Les débuts du Christianisme

Rappels historiques sur Gandumas du IIe au XIIIe siècle

Vers le IIe siècle, introduit par des marchands orientaux qui commerçaient avec le sud de la gaule, le christianisme se répandit en Gaule. Cette religion monothéiste fut diffusée par des anachorètes qui de région en région portèrent la parole du Christ. Clandestine, combattue par les romains, elle vit pourtant venir à elle de nombreux gallos romains. Elle apportait l’espoir, au moment où l’empire romain commençait à vaciller. Elle apprenait aussi à dominer ses peurs, face aux Barbares qui déferlaient sur le pays depuis le 3éme siècle. Enfin elle créait une nouvelle communauté décidée à propager ses idées et à les partager avec le plus grand nombre. En 313, l’empire romain accorda la liberté de culte, à tous ses sujets. En 392, les romains interdirent les cultes païens et la religion chrétienne occupa désormais la première place.
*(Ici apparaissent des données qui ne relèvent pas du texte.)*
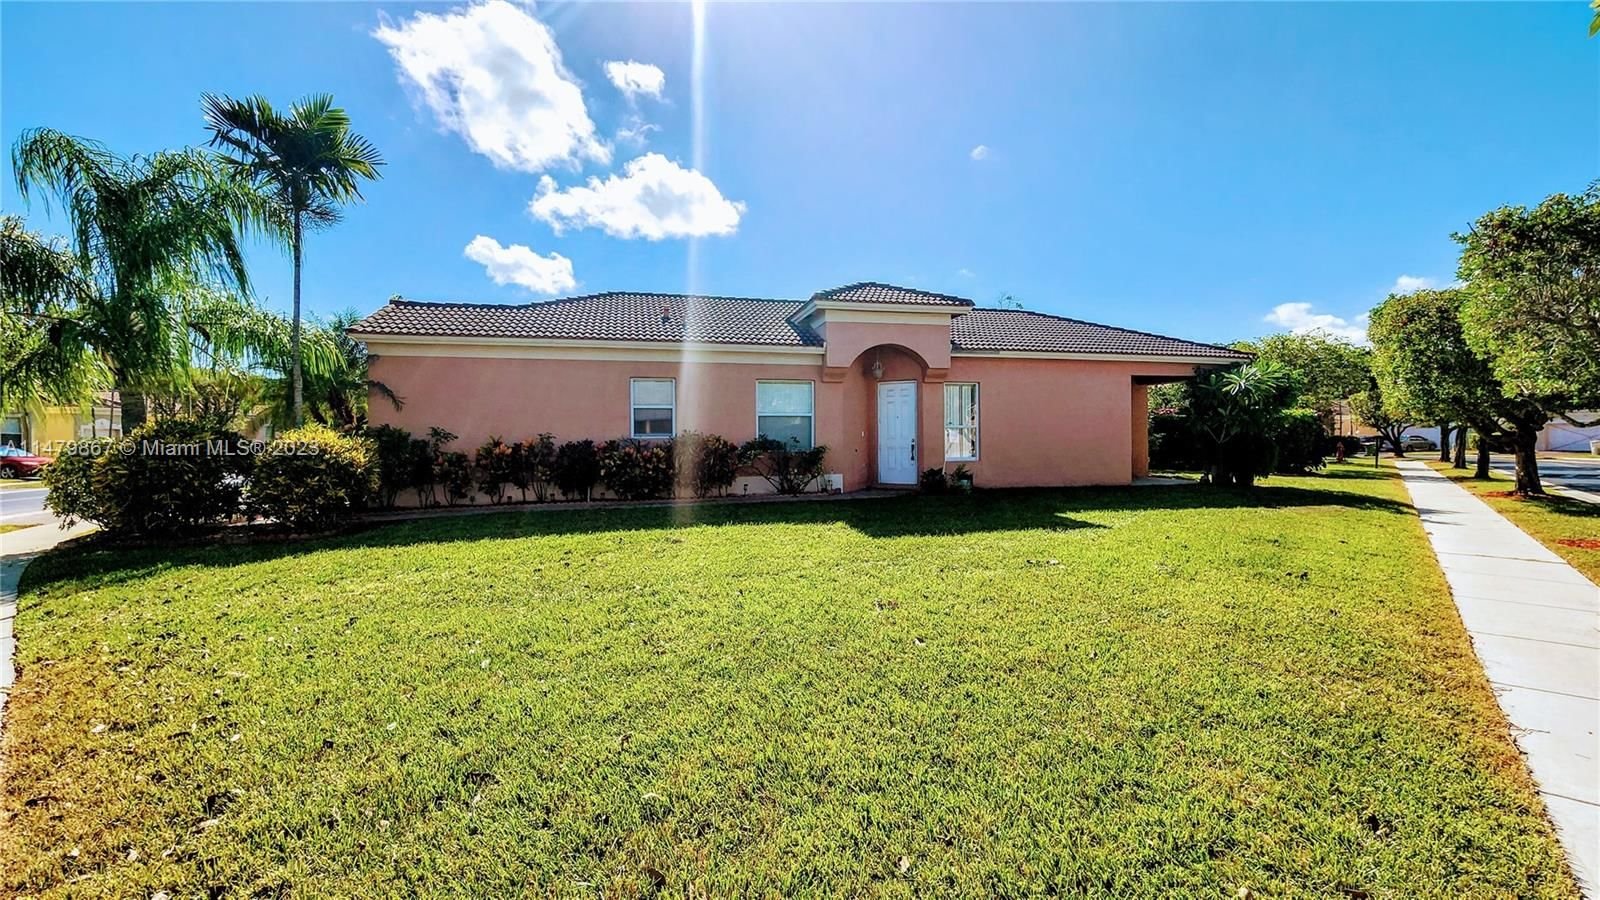 Real estate property located at 2326 37th Rd, Miami-Dade County, PORTOFINO BAY, Homestead, FL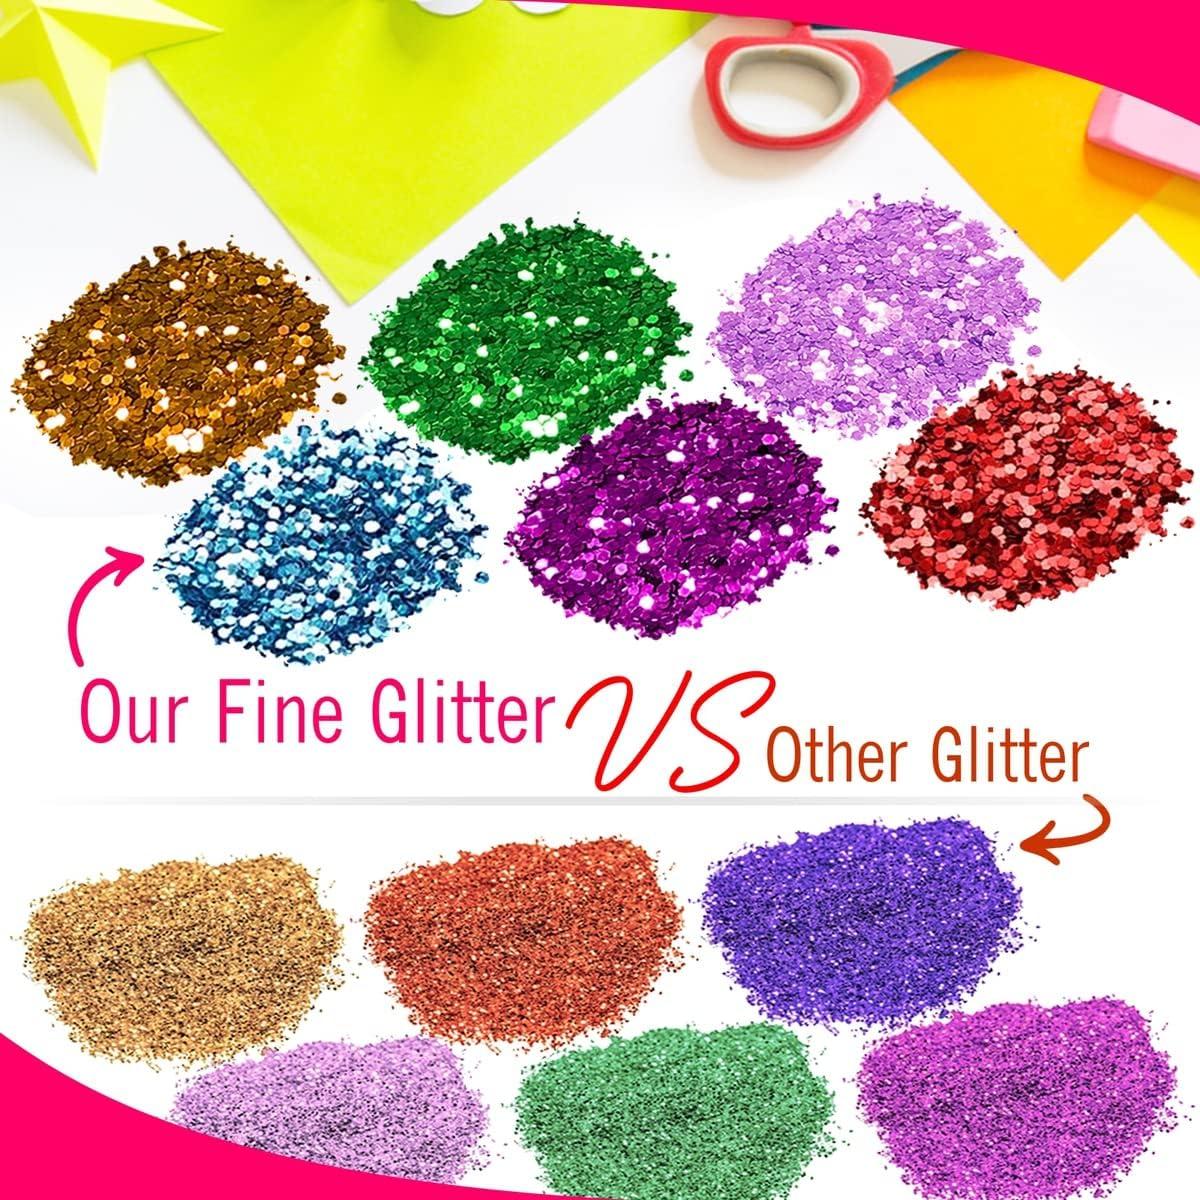 Glitter in Basic Craft Supplies

Les églises originelles, en forme de croix et orientées vers Jérusalem, apparurent au début du Ve siècle. Elles étaient élevées dans des endroits isolés, propices à la prière et au recueillement. En Périgord ce fut l’évêque Chronope (506- 533) qui se chargea de faire construire des églises et d’organiser les paroisses. Après la bataille de Vouillé (507) les Wisigoths, qui occupaient l’Aquitaine, durent l’abandonner. Or ils s’opposaient à la foi chrétienne, torturaient et exécutaient, ceux qui pratiquaient cette religion. Après leur départ, l’Aquitaine fut rapidement christianisée.

Gandumas n’échappa pas à ce schéma. Gandumas est cité dans le testament d’Aredius en 571 ou 572, selon les sources. Aredius (510-591), futur Saint Yrieix, fut élevé dans la religion chrétienne par sa mère Pélagie. Il fit des études de théologie au monastère de Vigeois, puis devint chancelier à la cour de Théodebert 1er, roi du royaume d’Austrasie dont dépendait Limoges. C’est à cette époque qu’il fut ordonné prêtre par Saint Nizier. Adepte des idées de Saint Martin, auteur de nombreux miracles, il parcourut le Limousin et le nord du Périgord pour y fonder des lieux de prières. A Gandumas au 6éme siècle (on écrivait Gandomaro), il fonda un oratoire. Autour de cet oratoire, se groupèrent quelques communautés chrétiennes, composées d’hommes et de femmes qui n’obéissaient à aucune règle comme ce le fut plus tard, lorsque les ordres religieux virent le jour. Ces diacres entretenaient les lieux et assistaient le prêtre. Ils pouvaient aussi assurer certains actes religieux simples, auprès de la population locale.